Its still in the testing stages but once i have had it on my car for a bit to see how it goes i could send some out to see how you guys find it,

Thanks for looking

"Without heart we would be mere machines"


----------



## CraigQQ (Jan 20, 2011)

using linseed or peanut oil should make a good trim wax too.

looks pretty good in the 50:50 there.


----------



## marc147 (Nov 21, 2011)

CraigQQ said:


> using linseed or peanut oil should make a good trim wax too.
> 
> looks pretty good in the 50:50 there.


Its got linseed oil in it, that might be whats making it good on trim,
Heres a beading picture, the trim wax is on the left and on the right thers nothing lol 









"Without heart we would be mere machines"


----------



## Obi- Dan Karnubi (Jun 16, 2011)

Well done mate, I just made a trim wax on my homebrew thread, just be careful tho as eventually the carnauba can dry out and show on the trim, this may not happen straight away but after two or three weeks. Just thought id let you know its a possibility incase you use it in your car or someone elses whilst testing :thumb:


----------



## marc147 (Nov 21, 2011)

Dan3.2 said:


> Well done mate, I just made a trim wax on my homebrew thread, just be careful tho as eventually the carnauba can dry out and show on the trim, this may not happen straight away but after two or three weeks. Just thought id let you know its a possibility incase you use it in your car or someone elses whilst testing :thumb:


Thanks for the heads up, i had a look at your trim wax, looks good. Like the colour of it.
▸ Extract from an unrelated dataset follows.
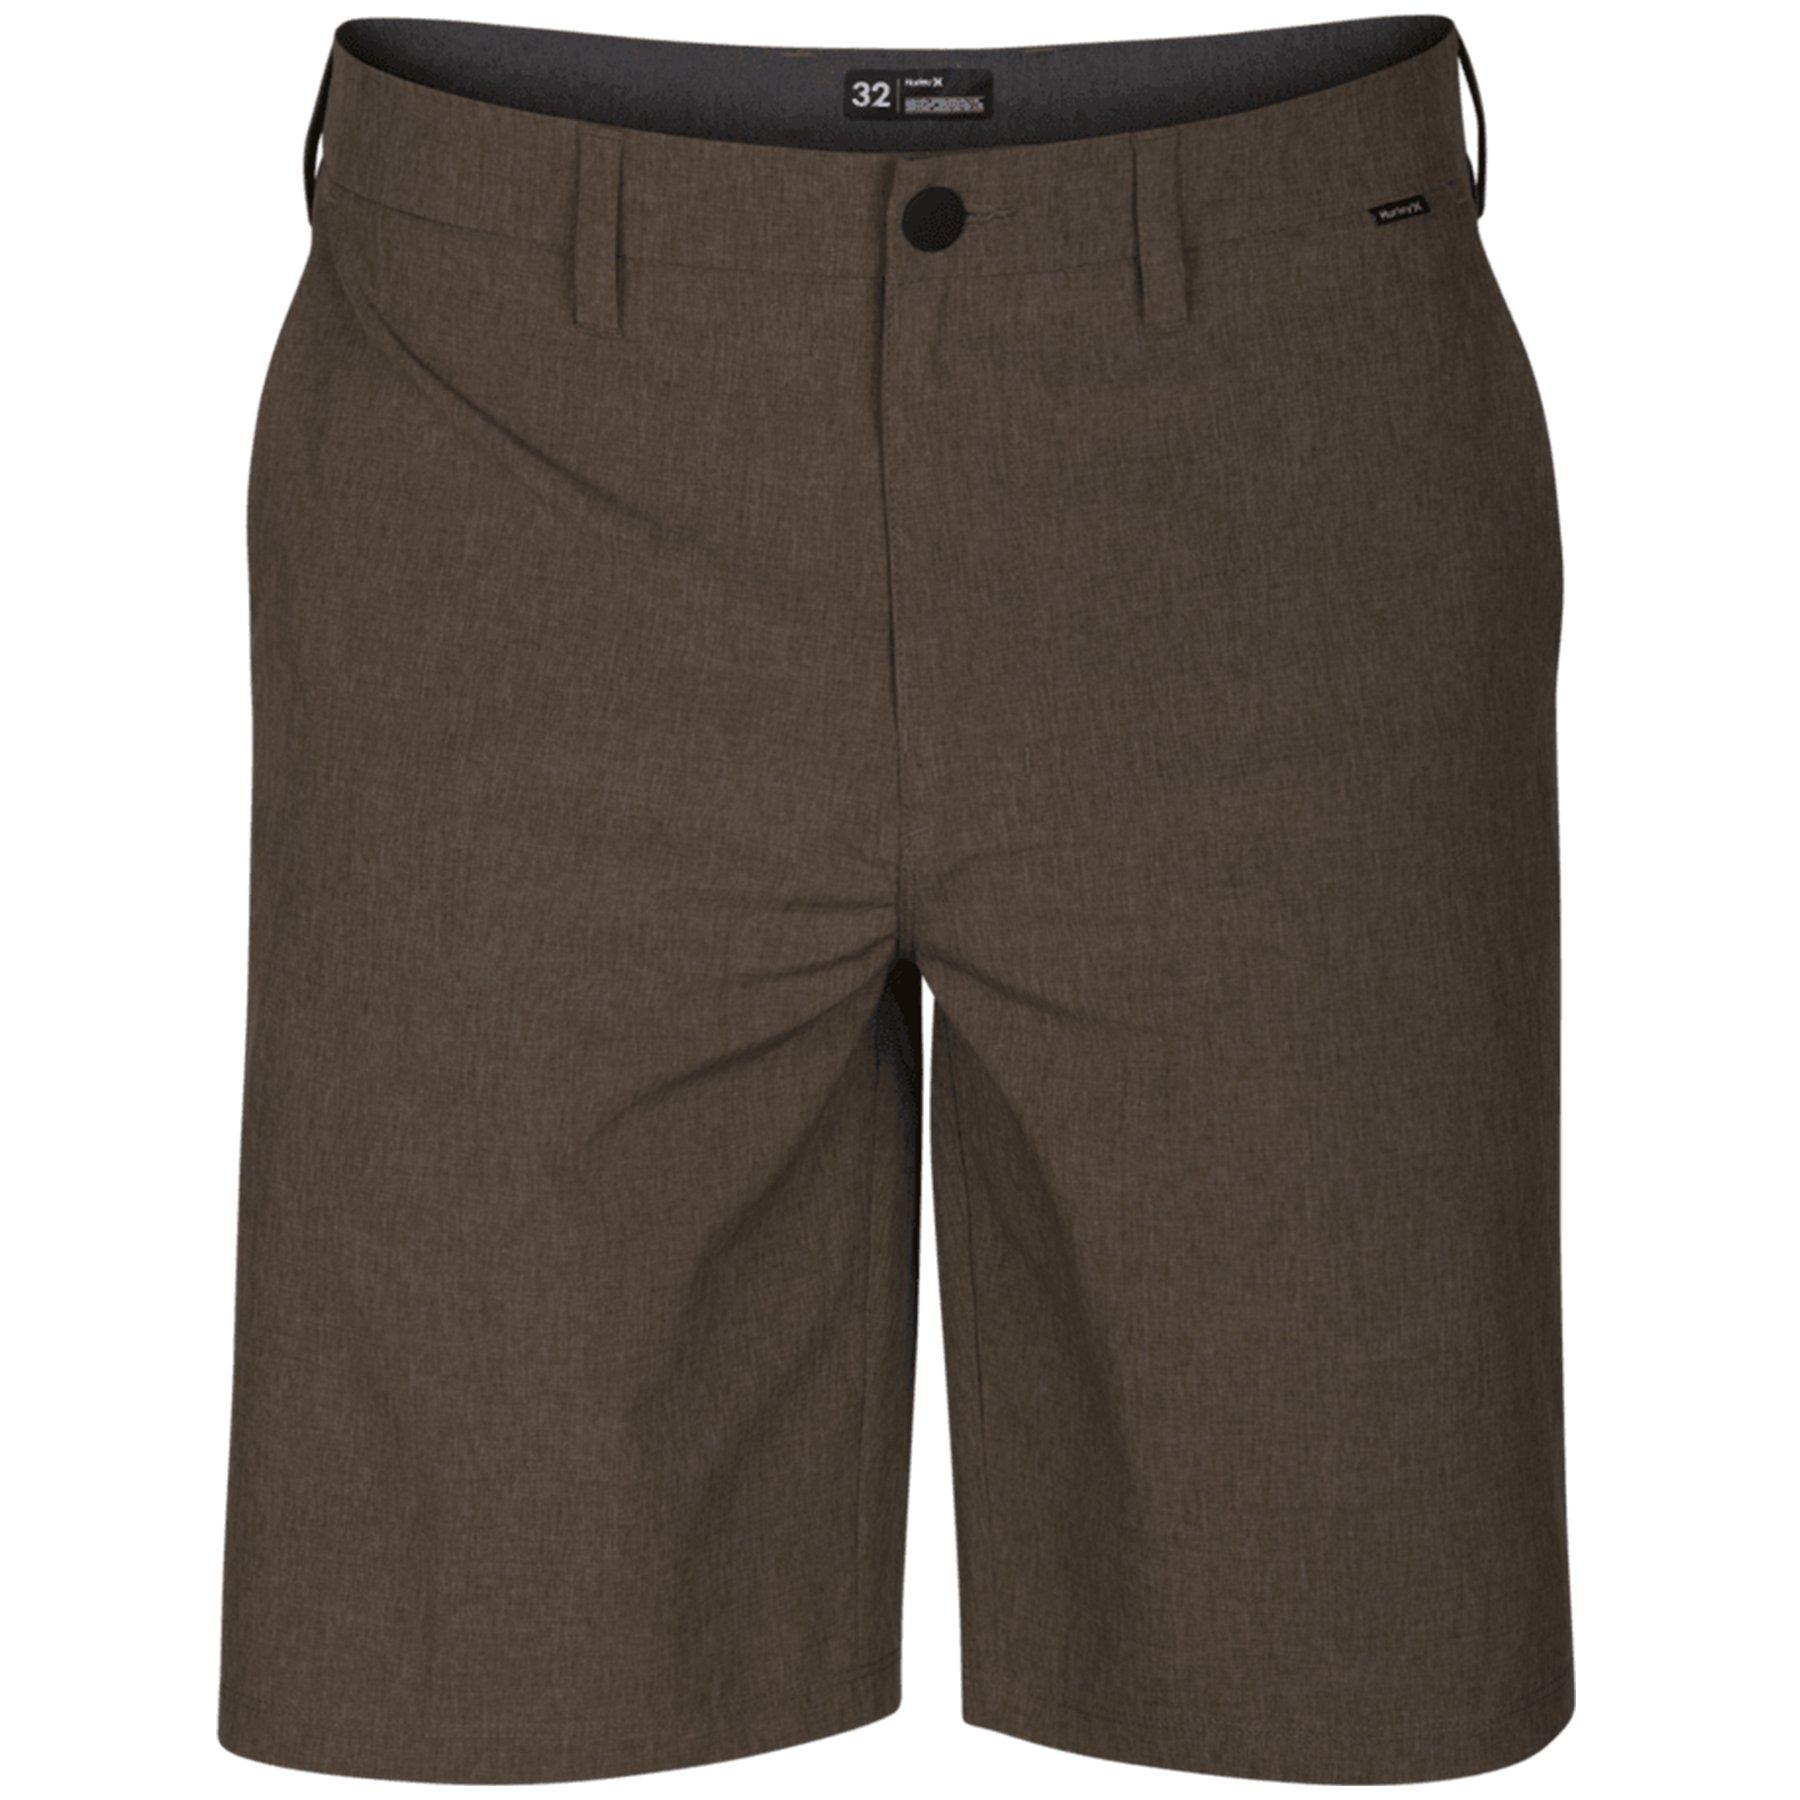 Hurley 895086 Men's Phantom Walkshort 20'' Short, Olive Canvas - 36

Mines is on my own car the now so if it goes wrong then thats okay lol i will leave it on and do an update in a couple of weeks to see how it goes,

Marc

"Without heart we would be mere machines"


----------



## Callummarshall (Oct 19, 2012)

nice, what all is in it?


----------



## marc147 (Nov 21, 2011)

Callummarshall said:


> nice, what all is in it?


Its got, carnauba, bees wax,lemon oil, linseed oil and coconut oil.

Had a look today and they're still black lol


----------



## marc147 (Nov 21, 2011)

A little up date, made a new batch with a little bit of tweaking, alot more oily, here it is,


----------



## gav1513 (Apr 16, 2009)

looks good buddy :thumb:


----------



## marc147 (Nov 21, 2011)

Just a little up date, trims still nice and black and bead up

V2 ( thats what am calling it) is alot more oily and very easy to spread, i realy like it as a trim dressing, getting nearer to getting some samples made up


----------



## big-saxo-guy (Mar 4, 2013)

this stuff works well it is easy to apply and keeps trim black even in this scottish weather. will do a full review soon hopefully


----------



## marc147 (Nov 21, 2011)

I thought i would have a little play with the wax today as theres about 2 foot of snow out side  i had a bit if clio trim trying around the garage so i brought it in, gave it a wash n had a go off the wax, heres the results, before:










50/50


----------



## marc147 (Nov 21, 2011)

Had a little play around with the recipe for the trim wax and made it into a sprayable one, even easier to apply now, spray on, wipe off, and its still beading great


----------



## sprocketser (Aug 4, 2012)

Wow , great results marc on the trims .


----------



## sistersvisions (Jul 28, 2010)

Looking good..any streaking problems??


----------



## marc147 (Nov 21, 2011)

Thanks  and no streaking, just stays black, takes forever to fade, its on the land rover bumpers aswell, has been for about a month now and its still going strong


----------



## Callummarshall (Oct 19, 2012)

Wow pretty solid performance! Really nice bead too!!


----------



## dave89 (Mar 12, 2013)

Marc have you got any of the spray sample ones going?

Thanks,

Dave


----------